• [What is needed] Copy the complete listing word for word, but do not carry over any images.

• [Data below]
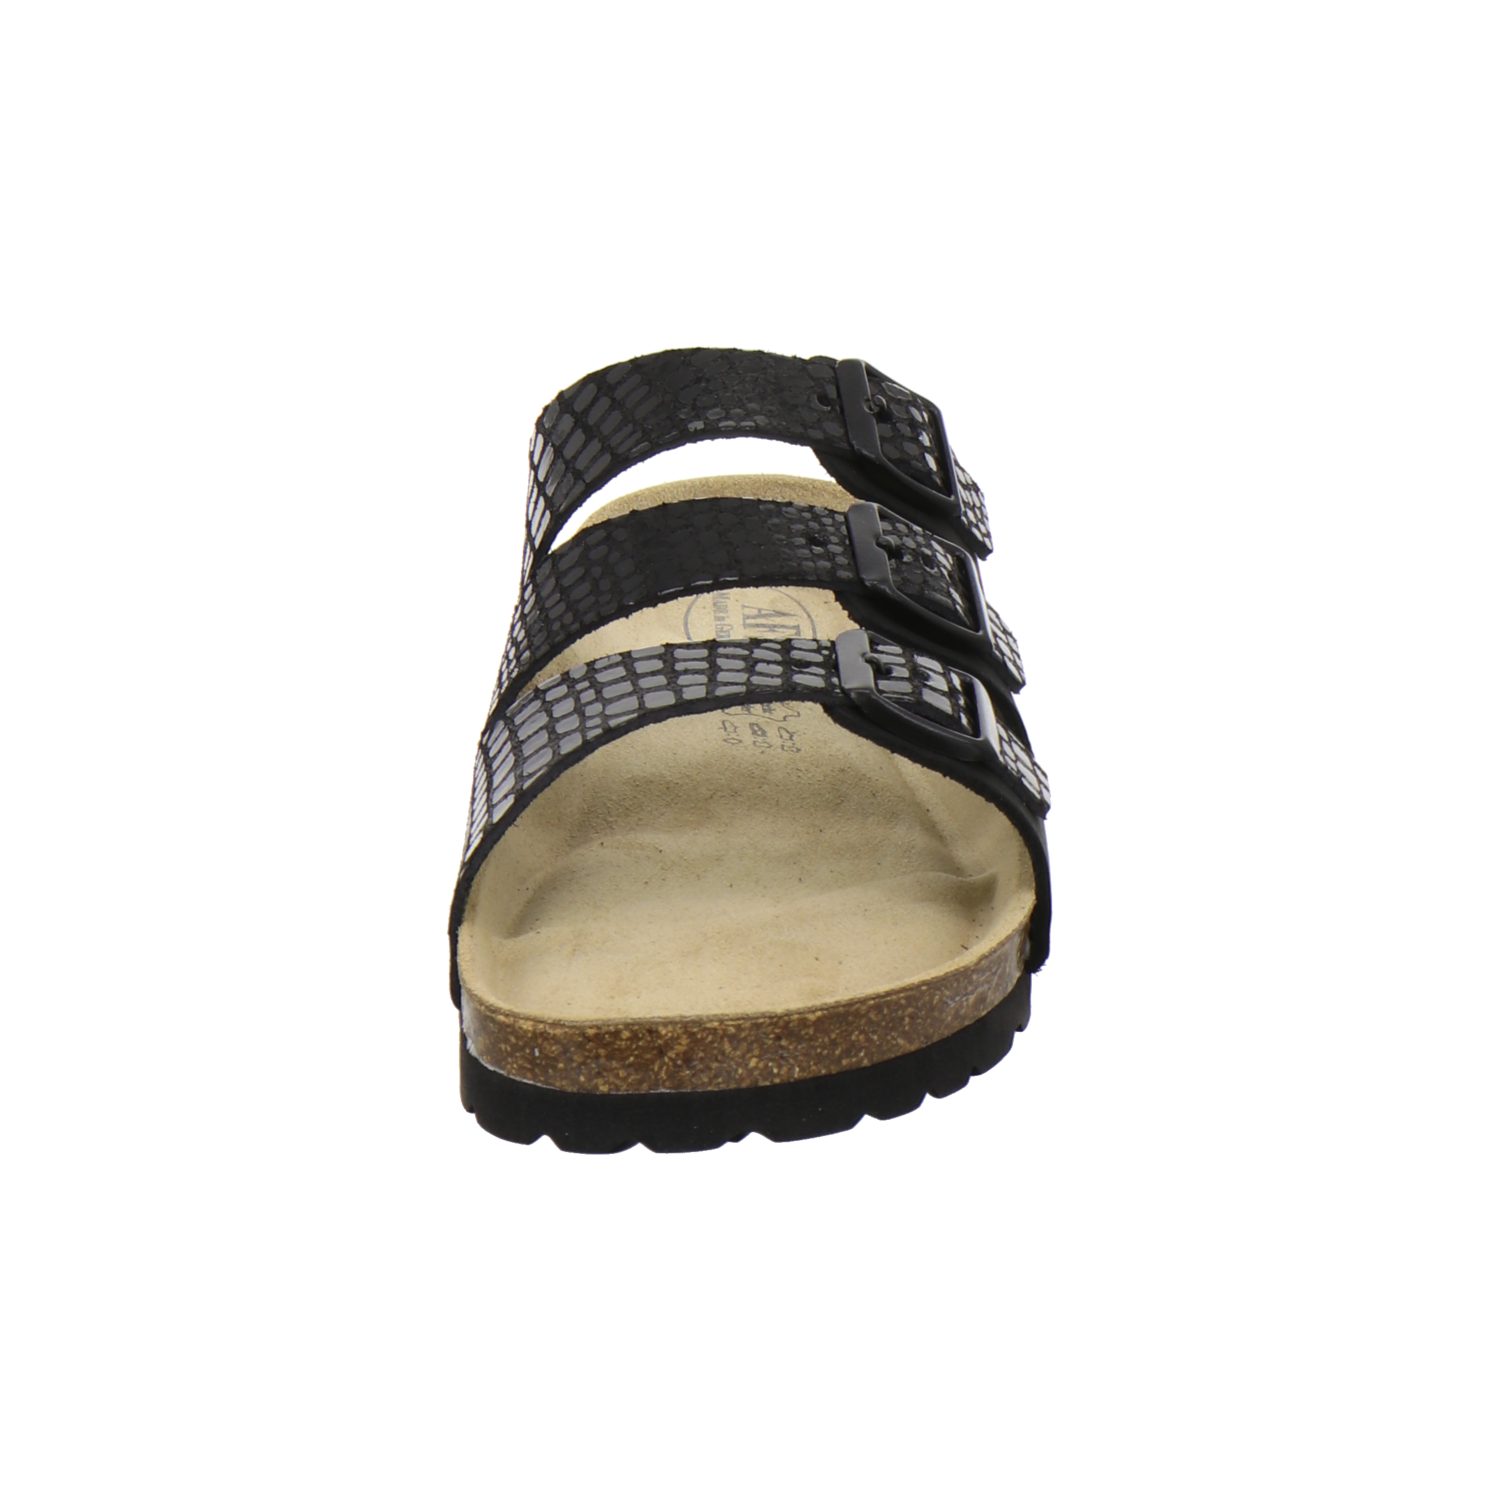 Damen Germany in Leder aus schwarz/crocco Fußbett, Pantolette Made mit AFS-Schuhe für 2133
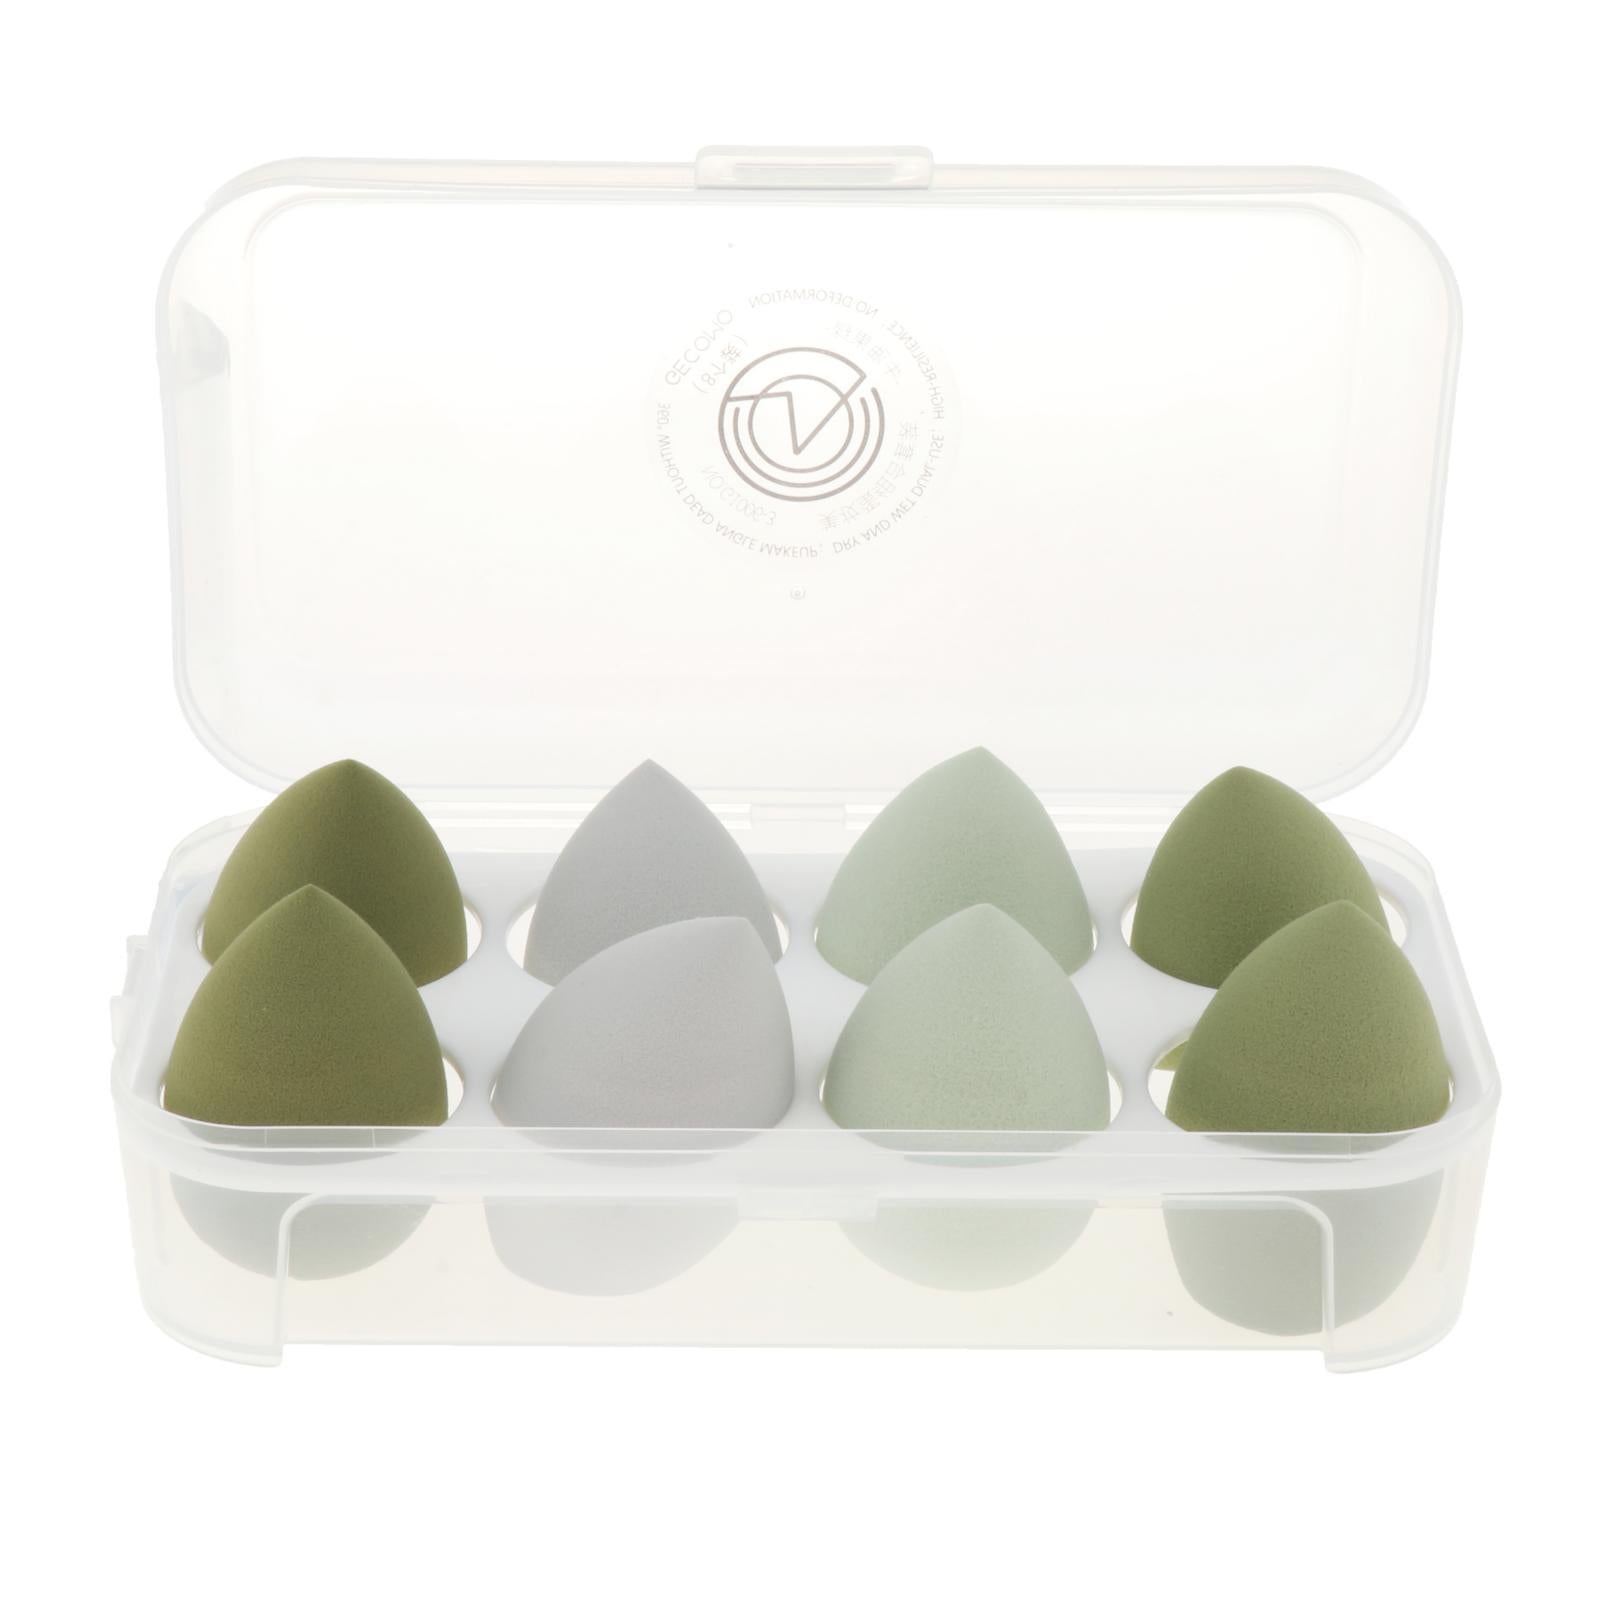 8x Beauty Makeup Sponge Set Blender Blending Foundation  Avocado Green
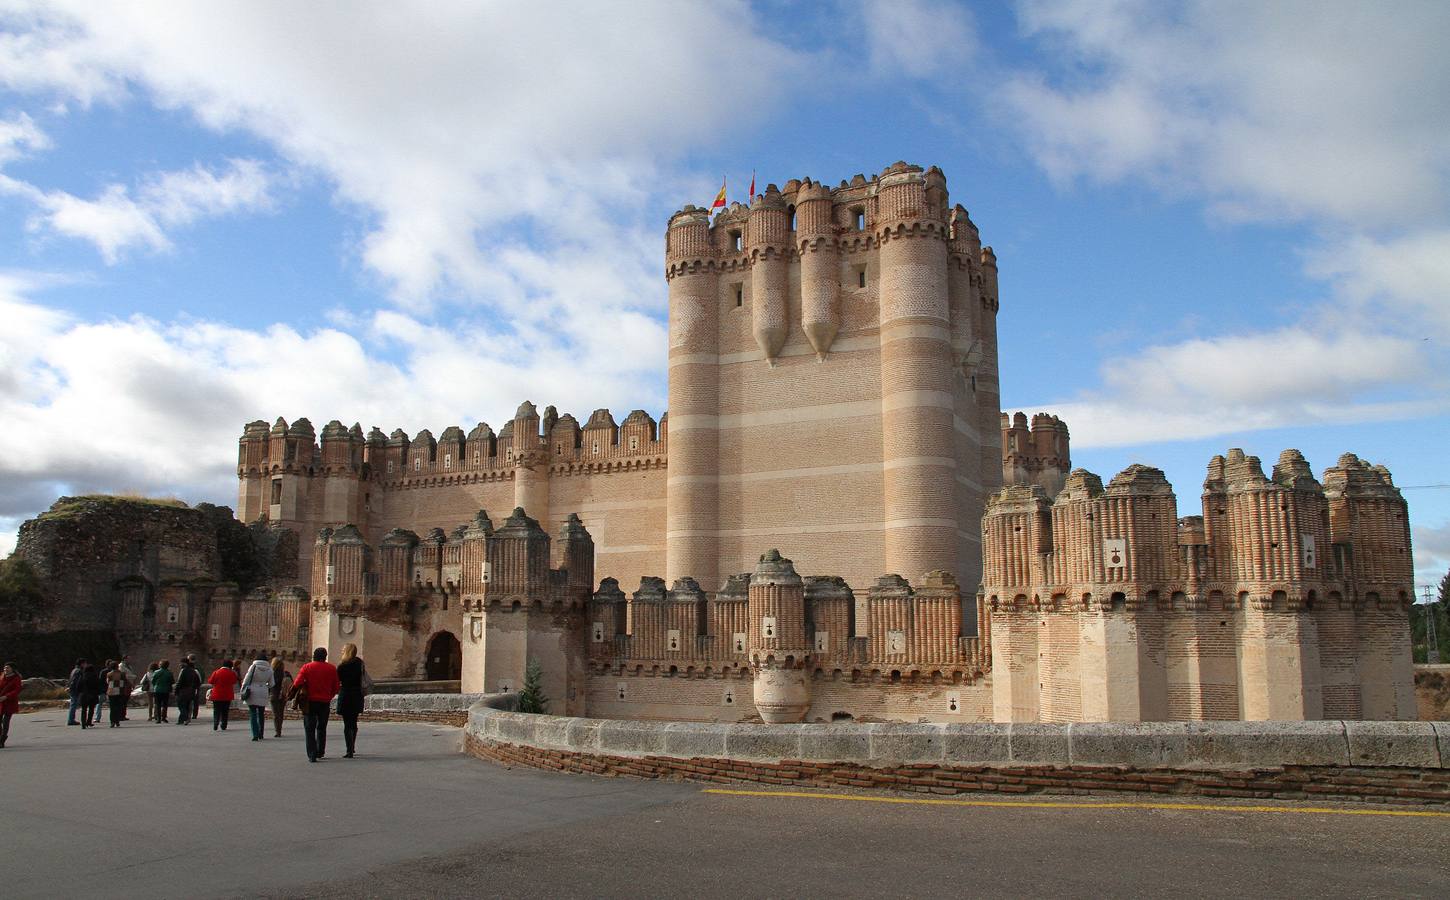 Castillo de Coca (Segovia). Fue construido en el siglo XV y está considerado por su propio municipio una de las mejores muestras del gótico-mudéjar español. Propiedad de la Casa de Alba, cedido al ministerio de Agricultura de España hasta el año 2054.
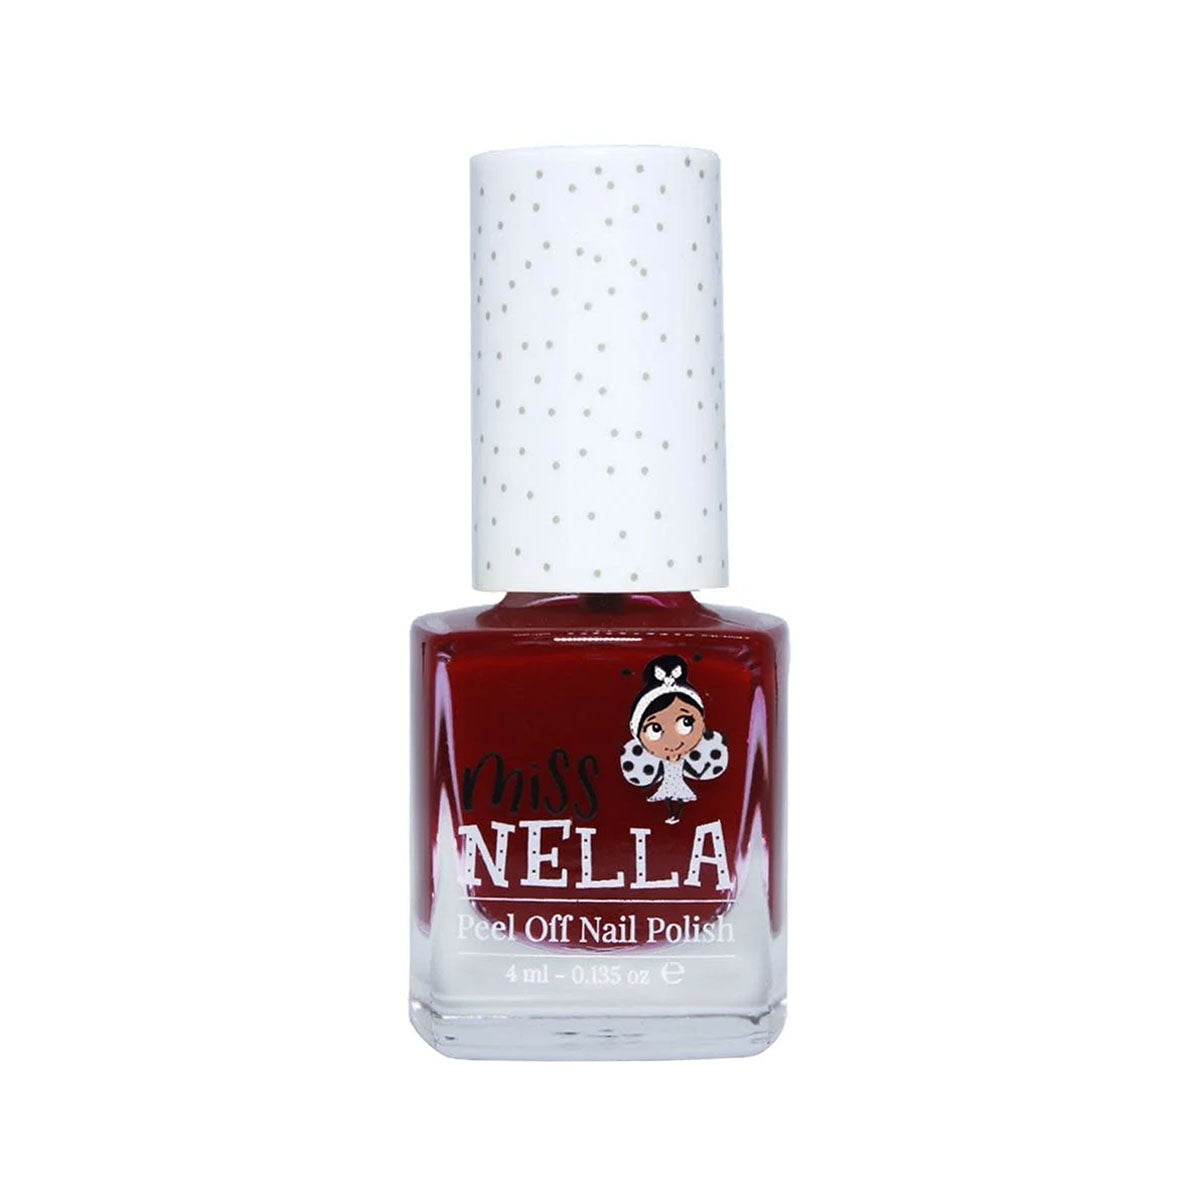 Laat de nageltjes van jouw kindje shinen met de nagellak fav teacher van het merk Miss Nella. De peel off nagellak is speciaal ontworpen voor kinderen en is vrij van chemicaliën. In verschillende kleuren. VanZus

• [Answer box]
 Damen Germany in Leder aus schwarz/crocco Fußbett, Pantolette Made mit AFS-Schuhe für 2133
 8x Beauty Makeup Sponge Set Blender Blending Foundation  Avocado Green
 Castillo de Coca (Segovia). Fue construido en el siglo XV y está considerado por su propio municipio una de las mejores muestras del gótico-mudéjar español. Propiedad de la Casa de Alba, cedido al ministerio de Agricultura de España hasta el año 2054.
 Laat de nageltjes van jouw kindje shinen met de nagellak fav teacher van het merk Miss Nella. De peel off nagellak is speciaal ontworpen voor kinderen en is vrij van chemicaliën. In verschillende kleuren. VanZus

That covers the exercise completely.